* **The data**
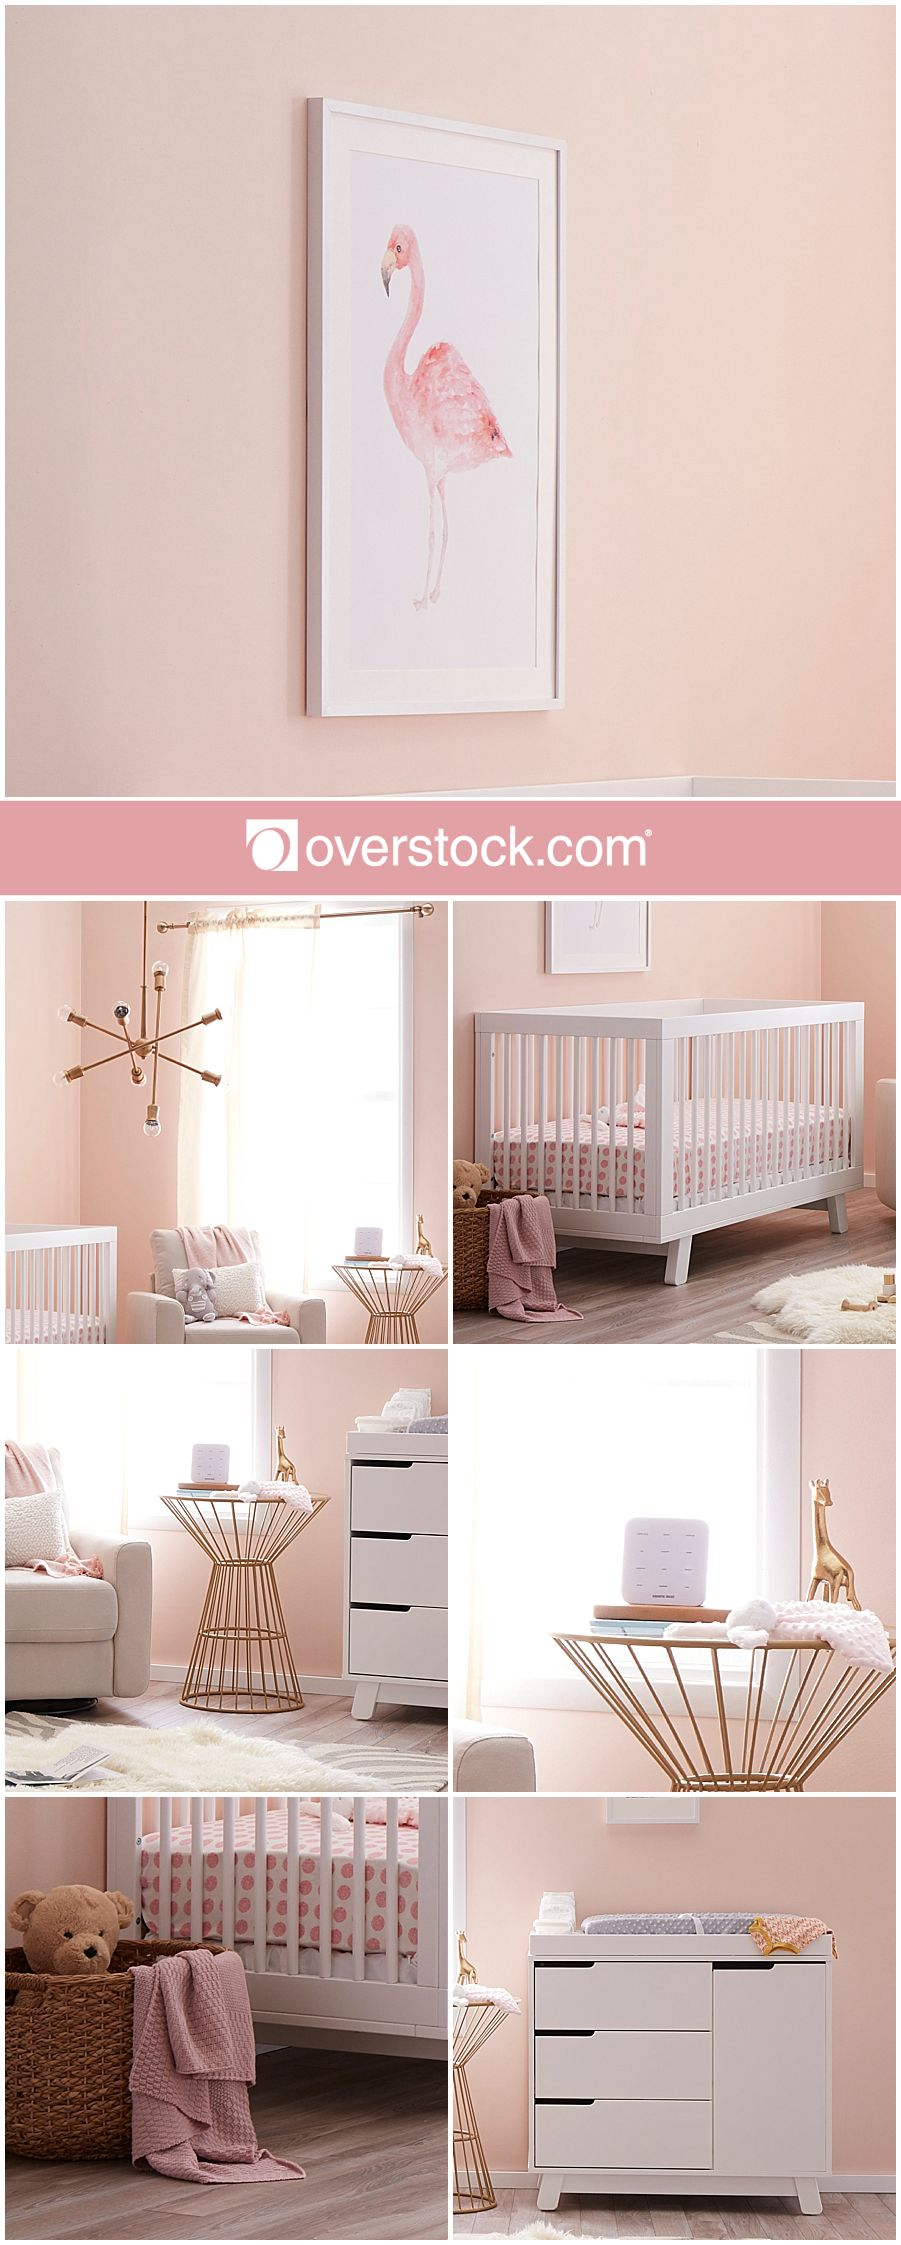 Adorable Baby Nursery Ideas For Boys And Girls
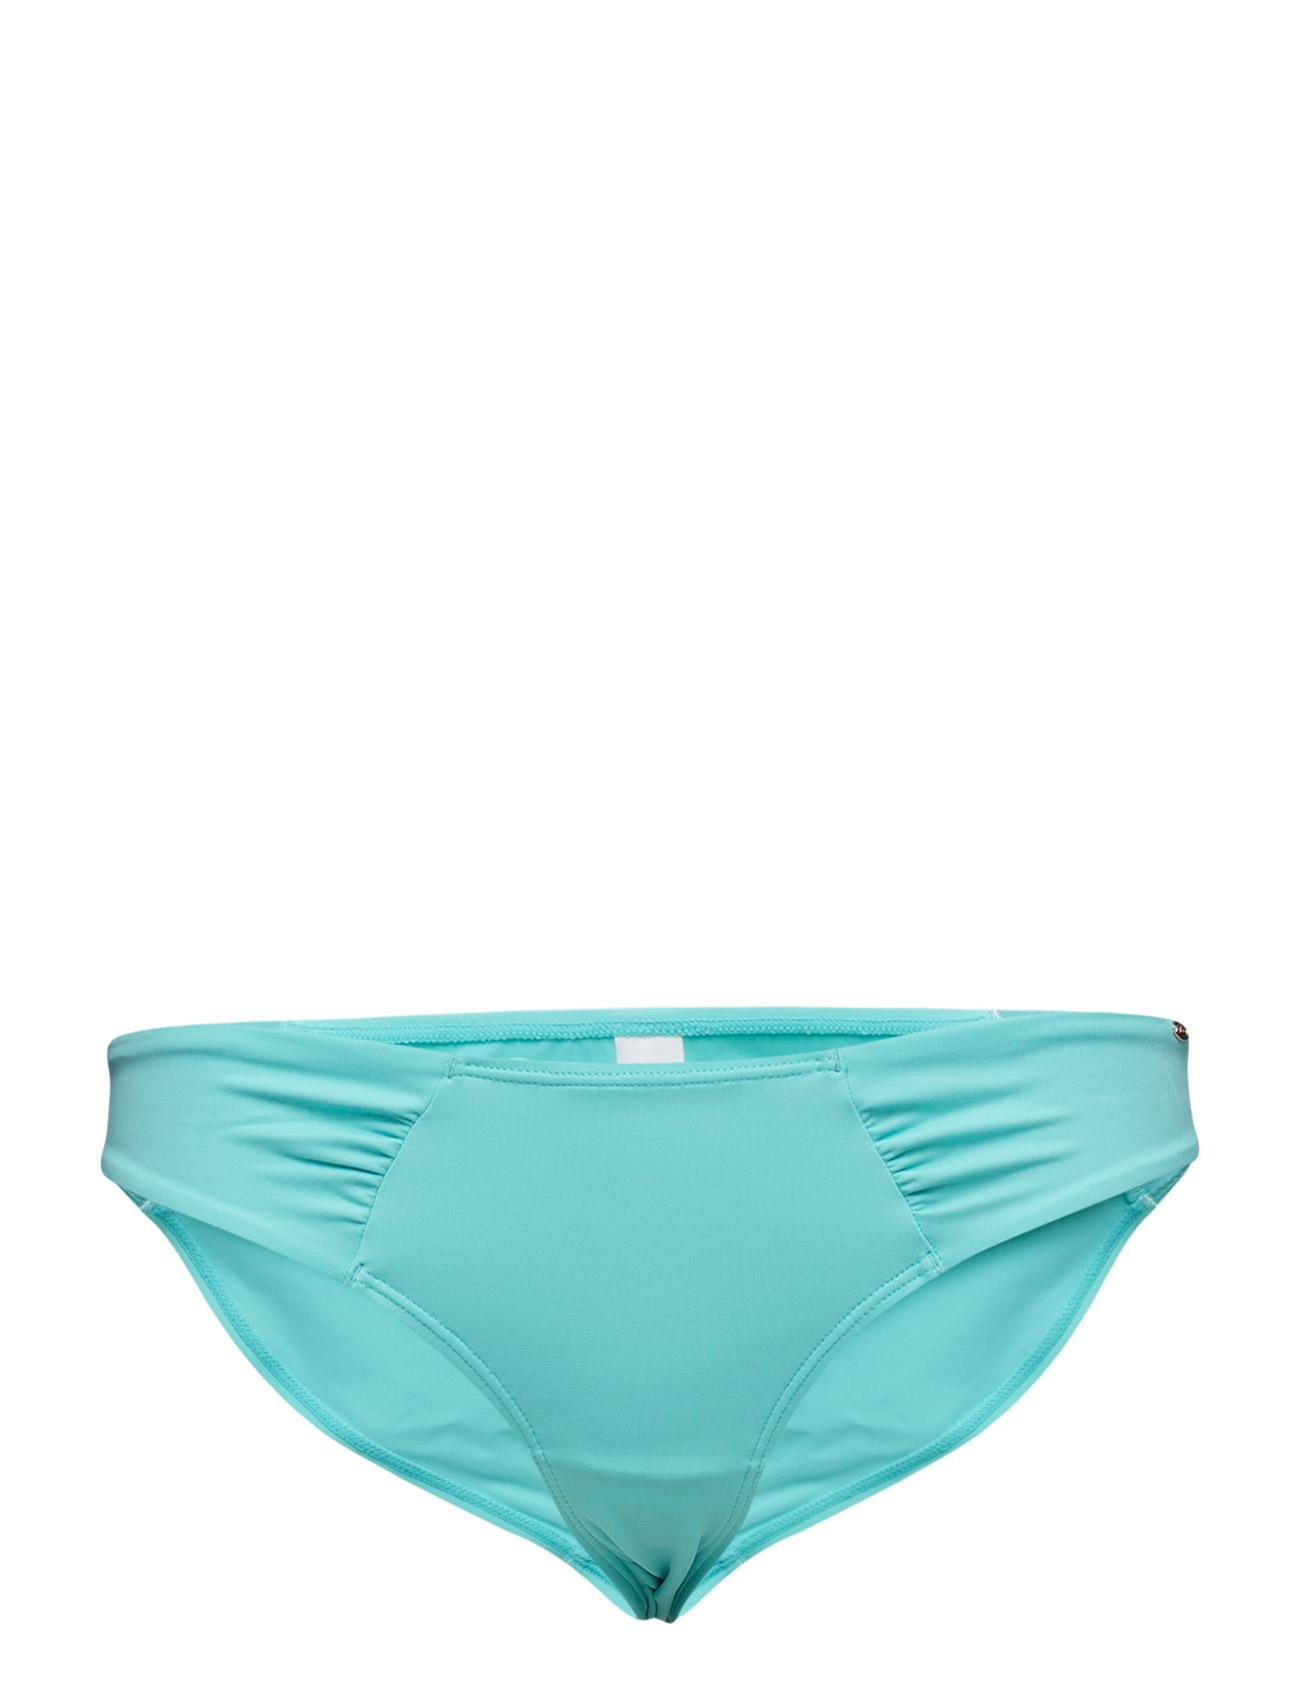 L. Bikini Briefs Skiny Badetøj til Kvinder i
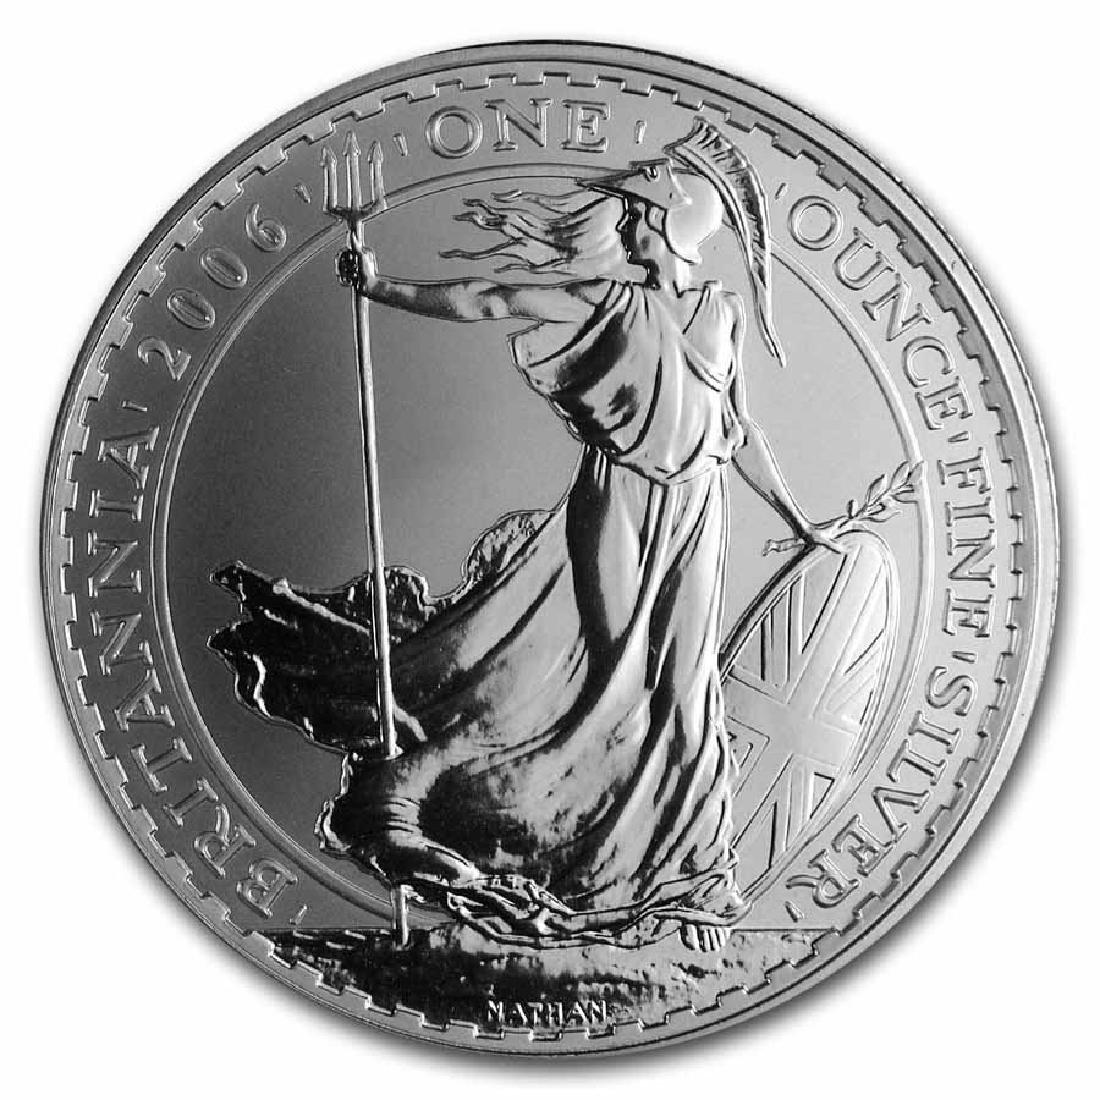 Uncirculated Silver Britannia 1 oz 2006
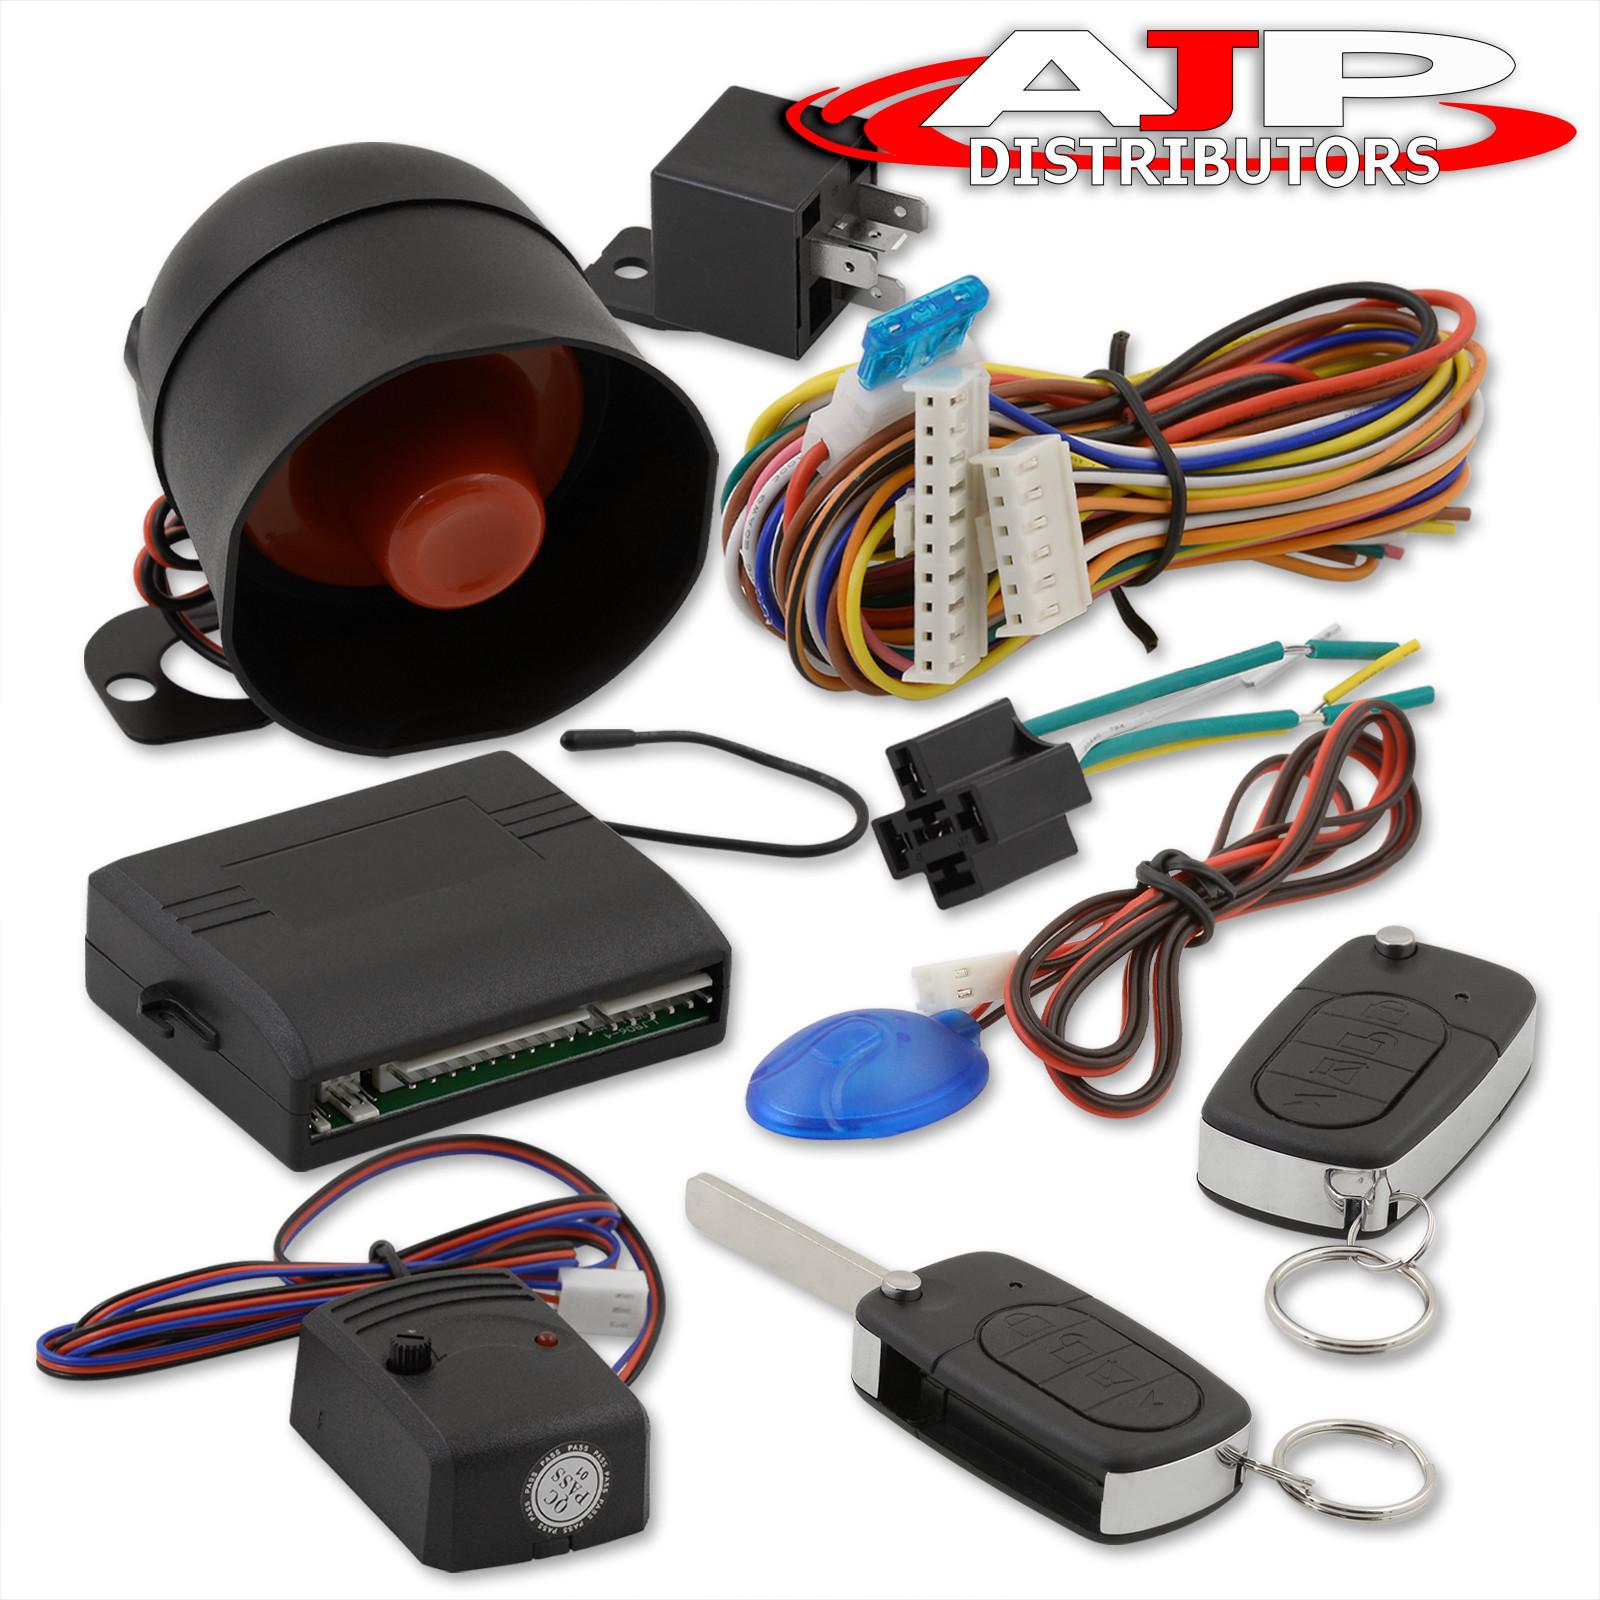 Jdm Car Alarm Security System Remote Transmitters With Flip Keys For Central Locking Wiring Diagram All Honda

* **Your assignment**
Give every line of the data above again as it stands; the pictures stay out.

* **Result of this task**
 Adorable Baby Nursery Ideas For Boys And Girls
 L. Bikini Briefs Skiny Badetøj til Kvinder i
 Uncirculated Silver Britannia 1 oz 2006
 Jdm Car Alarm Security System Remote Transmitters With Flip Keys For Central Locking Wiring Diagram All Honda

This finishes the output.